This checkpoint was trained on 3.3m images of normal to hyper sized anime characters. It focus mainly on breasts/ass/belly/thighs, but now handles more general tag topics as well. It's about 50%/50% anime and furry images as of v8. See change log article below for more version details, and future plans.
Note: This will be my final SD1x model. I wanted to see what the hyperfusion dataset was really capable of on sd1.5. So I let it train on 2x3090s for 10 months to squeeze every bit of concept knowledge out of it. This is the best concept model Ive trained so far, but it still has the usual SD1x jankiness. I probably kept the Text Encoder LR too high for too long (0.5x -> 0.3x).
Big shoutout to stuffer.ai for letting me host my model on their site to gather feedback. It was critical for resolving issues with the model early on, and a great way to see what needed improvement over time.
V9 is a v_pred model, so you will need to use the YAML file in A1111, or the vpred node in Comfy along with cfg_rescale=0.6-0.8 in both. A1111 will also need the CFG_Rescale extension installed.
I posted one old example using ComfyUI workflow here https://civarchive.com/images/64978187
Other links:
The OG hyperfusion LoRAs can be found here https://civarchive.com/models/16928
Also a back up HuggingFace link for these models
Uploaded 1.4 million custom tags used in hyperfusion here for integrating into your own datasets
Changelog Article Link
Recommendations for v9_vpred finetune:
sampler: Anything that is not a Karras sampler. Don't use Karras! Training with --zero_terninal_snr makes that sampler problematic. Also you will need to use the uniform scheduler in A1111, or "simple,normal" in Comfy at least
negative: I tested each of these tags separately to make sure they had a positive effect:
worst quality, low rating, signature, artist name, artist logo, logo, unfinished, jpeg artifacts, artwork \(traditional\), sketch, horror, mutant, flat color, simple shading
positive: "best quality, high rating" for the base style I trained into this model, more details in Training Data docs
cfg: 7-9
cfg_rescale: 0.6-0.8 rescale_cfg is required for this v_pred model. lower values tend to have less body horror, but darker images.
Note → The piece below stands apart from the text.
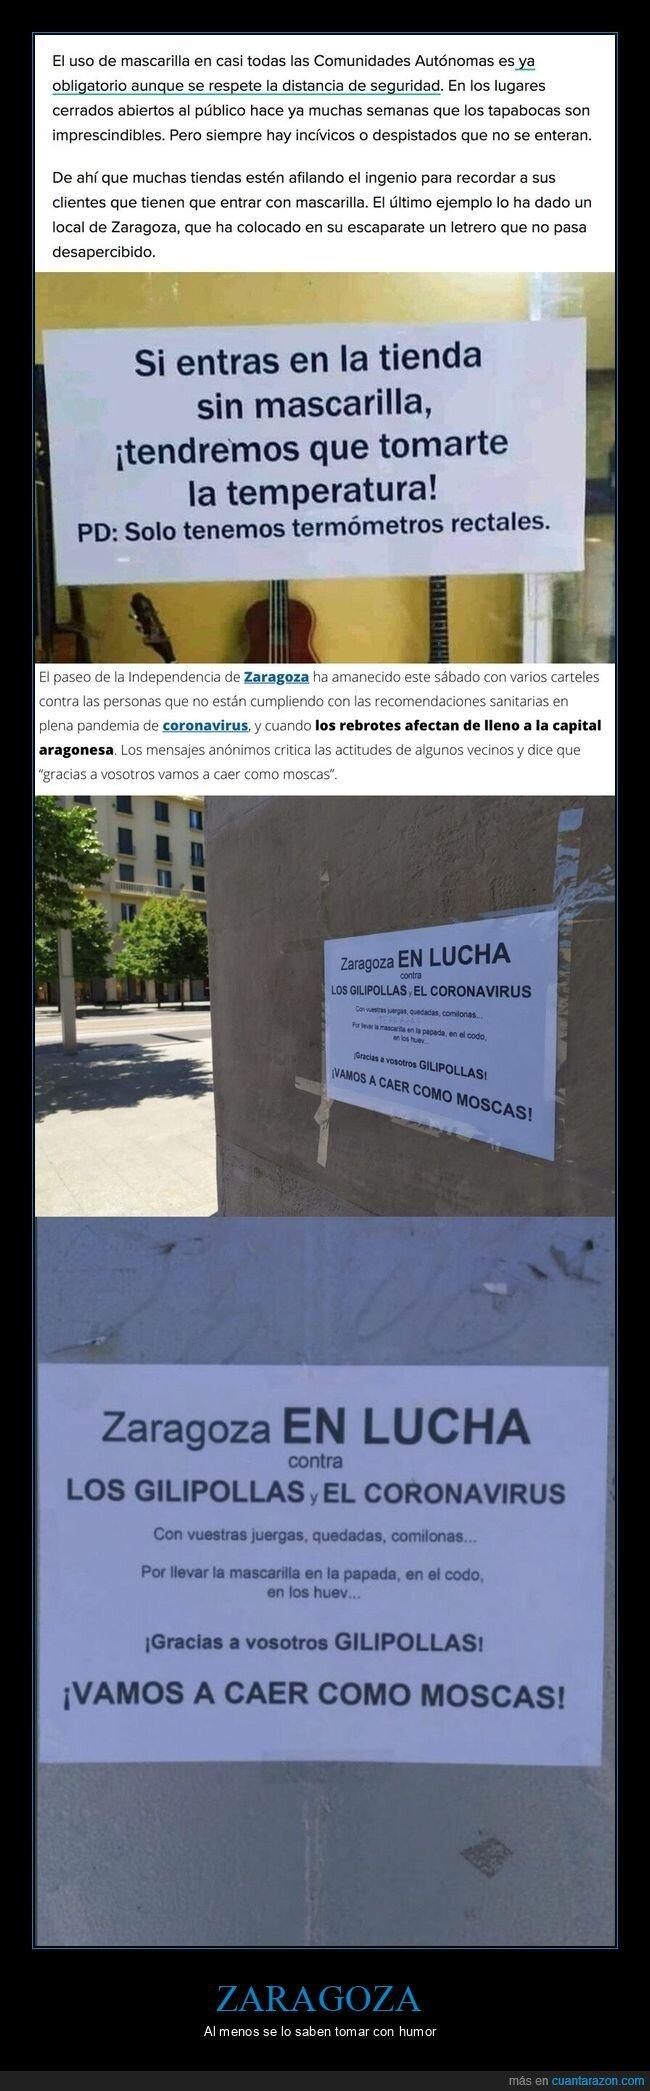 avisos,carteles,coronavirus,humor,zaragoza

resolution: 768-1024 (closer to 896 for less body horror)
clip skip: 2
zero_terminal_snr: Enabled
styling: You will want to choose a style first. The default style is pretty meh. Try the new artist tags included in v8+, all tags can be found in the tags.csv by searching for "(artist)". See example images for art styles.
Lora/TI: loras trained on other models will not work with this model, even loras trained on other v_pred models are not guaranteed to work here.
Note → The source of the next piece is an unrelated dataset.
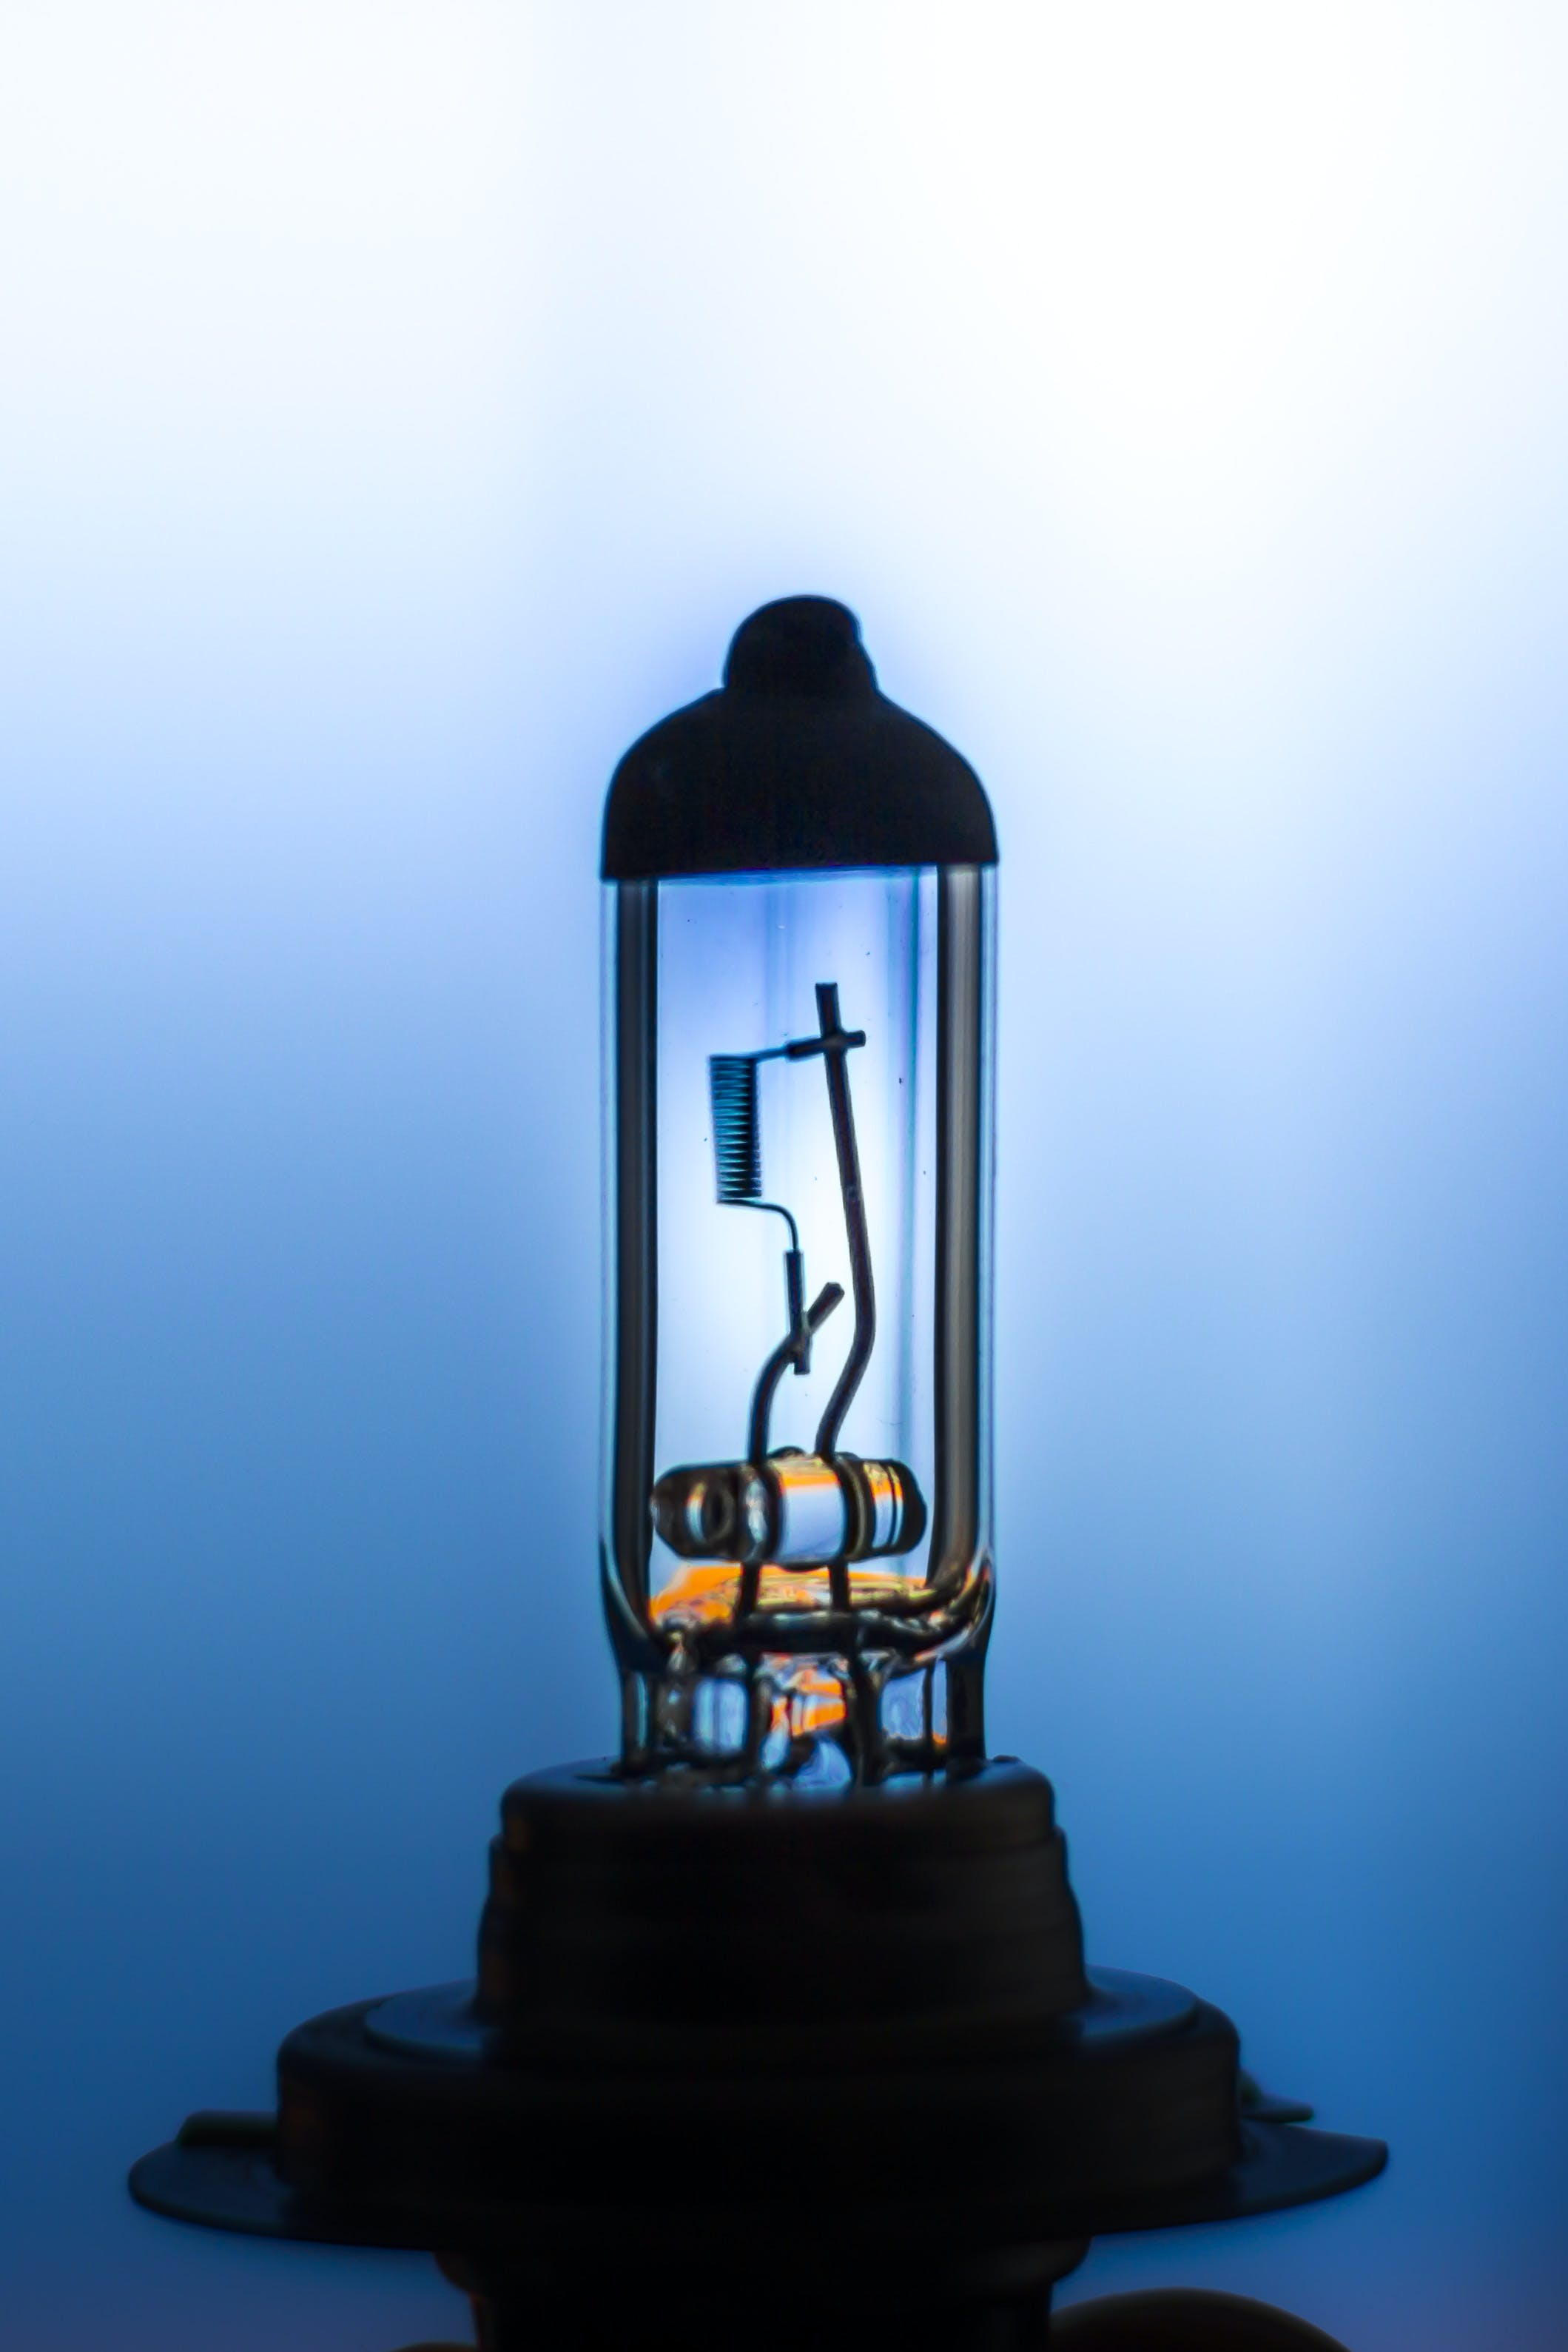 lamp, physics, technic

Recommendations for v8 LoRA:
sampler: Anything that is not a Karras sampler. Don't use Karras! Training with --zero_terninal_snr makes that sampler problematic.
Lora/TI: If you are using LoRA's/TI's trained on NovelAI based models, they might do more harm than good. Try without them first.
negative: low rating, lowres, text, signature, watermark, username, blurry, transparent background, ugly, sketch, unfinished, artwork \(traditional\), multiple views, flat color, simple shading, unfinished, rough sketch
cfg: 8 (it needs less than LoRA hyperfusion) resolution: 768-1024 (closer to 768 for less body horror)
clip skip: 2
styling: Try the new artist tags included in v8, all tags can be found in the tags.csv by searching for "(artist)"
Tag Info (You definitely want to read the tag docs, see :Training Data)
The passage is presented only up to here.